Одна из уникальных способностей Вилланель, послужившая несомненным плюсом в глазах нынешних работодателей, – ее фотографическая память. В течение получаса она читает текст про Греко и, когда чтение завершено, помнит каждую страницу, словно держит ее перед собой. Это исчерпывающий портрет личности, собранный из полицейских документов, отчетов о слежке, судебных протоколов и сообщений информаторов. При всем этом портрет огорчительно краток. Хронология карьеры Греко. Психологический портрет из ФБР. Детали – в основном гипотетические, – касающиеся его семейных дел, личных привычек и сексуальных наклонностей. Список недвижимости, записанной на его имя. Все, что известно об обеспечении его безопасности.

Этот портрет рисует человека строгих вкусов, который питает патологическое отвращение к публичности и чрезвычайно искушен в навыках ее избегать – даже в эпоху массовых коммуникаций. Но в то же время его власть не в последнюю очередь основана на репутации. Свирепость Греко считается беспрецедентной даже в регионе, где пытки и убийства – рутинное дело.

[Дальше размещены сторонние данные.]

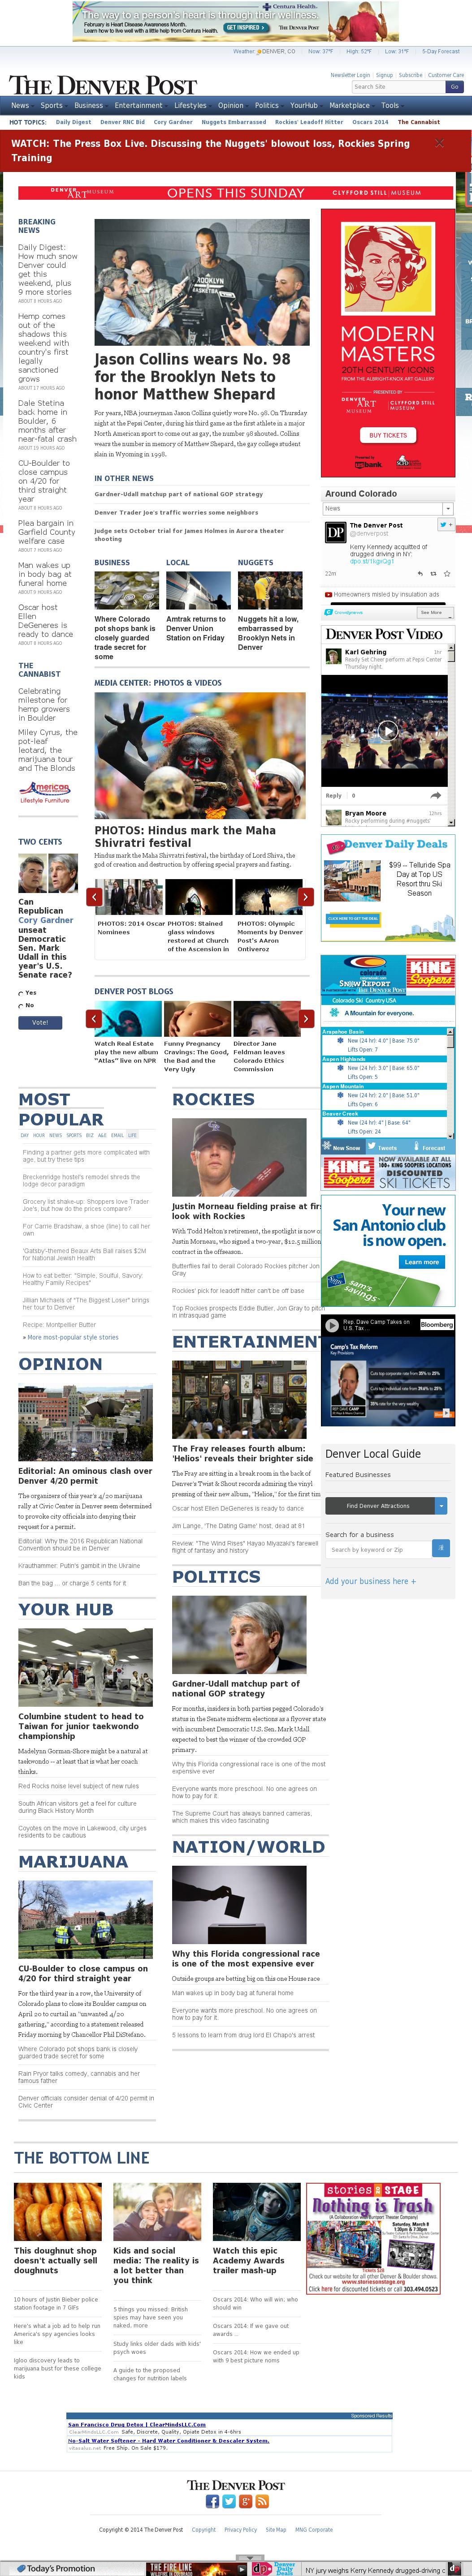 Denver Post at Friday Feb. 28, 2014, 4:03 p.m. UTC

Всякий, кто осмелится встать у него на пути или поставить под сомнение его авторитет, будет ликвидирован, причем с показной жестокостью. Конкурентов расстреливают вместе с их семьями, а стукачей находят с перерезанной глоткой и торчащим из зияющей раны языком.

Вилланель переводит взгляд на город за окном. Слева – силуэт Эйфелевой башни на фоне вечернего неба. Справа – мрачная масса Монпарнасской башни. Вилланель размышляет о Греко. Сопоставляет изящество его личности с барочными кошмарами его действий и приказов. Есть ли способы использовать это противоречие в своих интересах?

Она перечитывает документы, выискивая в каждой строчке возможные пути проникновения. Главная резиденция Греко – имение в горной деревне неподалеку от Палермо – настоящая крепость. Там, под защитой верных и бдительных телохранителей, живет его семья. Его супруга Калоджера редко покидает территорию; дом его единственной дочери Валентины – в соседней деревне, она замужем за старшим сыном ближайшего помощника отца. Там говорят на своем диалекте и к чужакам с давних пор относятся враждебно. Тех, с кем желает встретиться Греко – членов дружественных кланов, потенциальных партнеров, портного, парикмахера, – приглашают в имение, где обыскивают и, если надо, разоружают. Когда Греко уезжает из дому, чтобы навестить любовницу в Палермо, его неизменно сопровождают вооруженный шофер и по меньшей мере двое телохранителей. У этих поездок, по всей видимости, нет четкого расписания.

Впрочем, один текст вызывает у Вилланель особый интерес. Это вырезка пятилетней давности из газеты «Коррьере делла Сера» – о происшествии в Риме, при котором едва не погиб один из ее штатных корреспондентов. Сам журналист по имени Бруно де Сантис сообщает: «Я выходил из ресторана в Трастевере, когда увидел, как на меня по встречной полосе мчится машина. Очнулся уже в больнице, чудом выжил».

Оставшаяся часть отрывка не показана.